祁琮擺明了要質問到底,可姜雀靈內心也糾結的很,總不能真的說“還不是因為你對我的好感度-∞,我想擺爛躺平歇一會兒,不想見你”吧?

姜雀靈伸手握住他的手晃了晃,“太子也知道我是鄉野長大的,不懂這宮裏的規矩。若是貿然送吃食或者傳話,惹你不喜可怎麽辦?況且外祖父早已南下去享清福,我在這盛京連個能依靠的都沒有……”

她說著就低頭做飲泣狀,實則連忙呼喚系統:快快快江湖救急!【一用即有】裏面有沒有什麽小物件,能讓我馬上哭起來的?

系統:有,不過只能維持五分鐘。

姜雀靈:快!

這眼淚果然是說來就來,姜雀靈還在想著怎麽把人打發走,就聽祁琮不為所動地開口:“你肯定不是什麽流落在外的外孫女,你明明是青川人,卻說自己在蕪溪長大,簡直謊話連篇。”

由於被系統坑過好幾次,姜雀靈當下就被說懵了,淚眼婆娑地看著祁琮拿起手中的折子。

祁琮冷漠地開口:“你可知冒認首輔的外孫女,並成為太子妃是何罪過?”

姜雀靈拿過折子,慌慌張張地翻起來,“這,這怎麽可能?”

姜雀靈:系統!!這到底是怎麽一回事?!

系統:等等等我馬上摟一眼!

祁琮擡手打掉她手裏的折子,攥住她的手腕,“看來你是不見棺材不落淚,隨孤去牢房,孤有的是時間審你。
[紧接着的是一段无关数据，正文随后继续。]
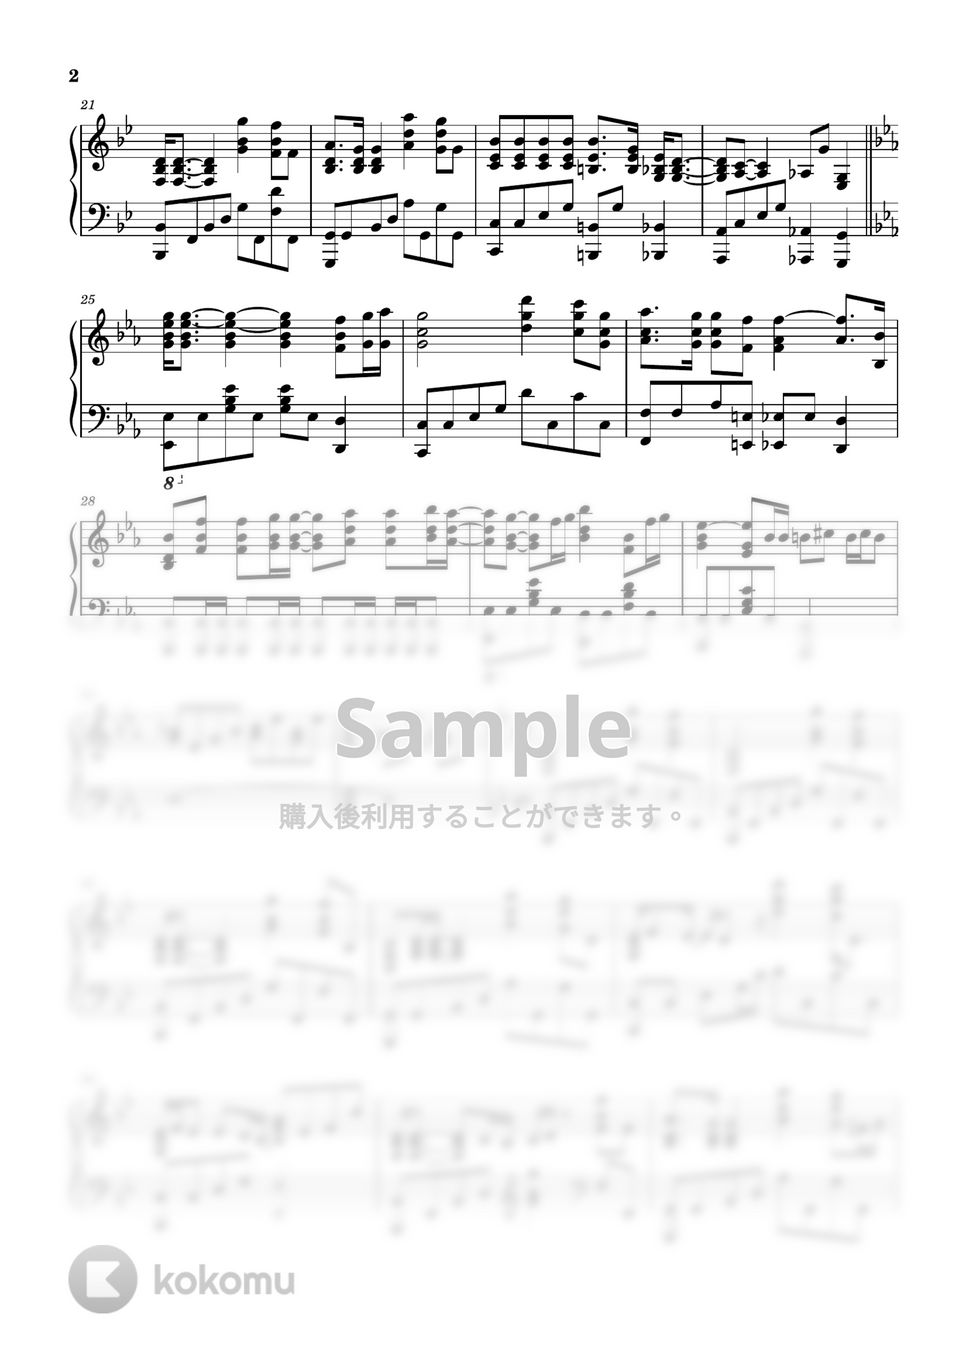 Queen - Bohemin Rhapsody (ピアノソロ) by MIKA

”

姜雀靈拼命掙紮,“你別!有話好好說,這其中肯定有什麽誤會!”

祁琮這一說起來牢房,她就馬上想起之前系統同她說過,剛推行變法制度時,有人派了不少刺客去暗殺祁琮。

暗殺失敗後,祁琮設宴請了一眾反對的貴臣與宗親,讓人將刺客首領的屍體擡上來,當著所有人的面對其剝皮、割肉、剁骨,然後分到各個盤子裏,要端給宴席上的人“享用”。

那一幫人嚇得要命,祁琮也借機抓住其中一個謀劃者,下旨對其抄家流放,以此向眾人殺雞儆猴。

這之後再也無人敢明面上違抗變法命令,甚至連刺殺行動都是縝密規劃,絕不會留下足跡引火燒身。

想到這裏,姜雀靈不敢想象祁琮會對自己施以怎樣的酷刑,她連忙對系統說:我要對自己使用【一用即死】,我要重開!快啊!